The changes from the original example include:

  1. the routing strategy is now set using: .routingStrategyId("net.dempsy.router.managed"). The "managed" routing strategy attempts to dynamically distribute all message processors for a given cluster (in this case, all WordCount instances) across all available nodes.
  2. the receiver is set using: .receiver(new NioReceiver<Object>(new JavaSerializer())). This identifies the technique that this node can be reached as using Java NIO with the given serialization technique.
  3. the dempsy nodes will collaborate with each other using Apache Zookeeper as set using: .collaborator(new ZookeeperSessionFactory("localhost:2181", 3000, new JsonSerializer()).createSession()).

Now if we start multiple instances of this Java program, and we have Apache Zookeeper running on port 2181, then the instances of WordCount message processors will be balanced between the running nodes.

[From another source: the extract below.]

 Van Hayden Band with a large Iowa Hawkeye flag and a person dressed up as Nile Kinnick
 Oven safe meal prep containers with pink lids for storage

If you want to try it you can start a single node instance of Apache Zookeeper using docker with the following command:

docker run --name zookeeper --network=host -d zookeeper

Then you can run as many instances of SimpleWordCount as you like.

A working version of this example can be found here: Distributed Simple Word Count Example

WordCount pipline so far
Fig. 2 Distributed Simple WordCount example

Some terminology

Having gone through the "Word Count" example we should codify some of the terminology and concepts touched on.

TermDefinition
message processor an instance of a cloned message processor prototype responsible for processing every message of a particular type with a particular unique key.
message processor prototype an instance used by Dempsy to serve as a template when it needs to `clone()` more instances of a message processor.
message is an object that Dempsy routes to a message processor based on the message's key.
message key A key for the message, obtained from a message. Each unique message key addresses a unique message processor instance in a cluster
cluster a cluster is the collection of all message processors or adaptors of a common type in the same stage of processing of a Dempsy application. A cluster contains a complete set of potential message processors keyed by all of the potential keys from a particular message type.That is, a cluster of message processor instances covers the entire key-space of a message.
node a node is a subset of a set of clusters containing a portion of the each cluster's message processors. nodes are almost always (except in some possible test situations) the intersection of a cluster and a Java process. That is, the portion of a cluster that's running in a particular process is the cluster's node
container Sometimes also referred to as a message processor container, it is the part of the Dempsy infrastructure that manages the lifecycle of message processors within an individual node. That is, there is a one-to-one between the portion of a cluster running in a particular node, and a container.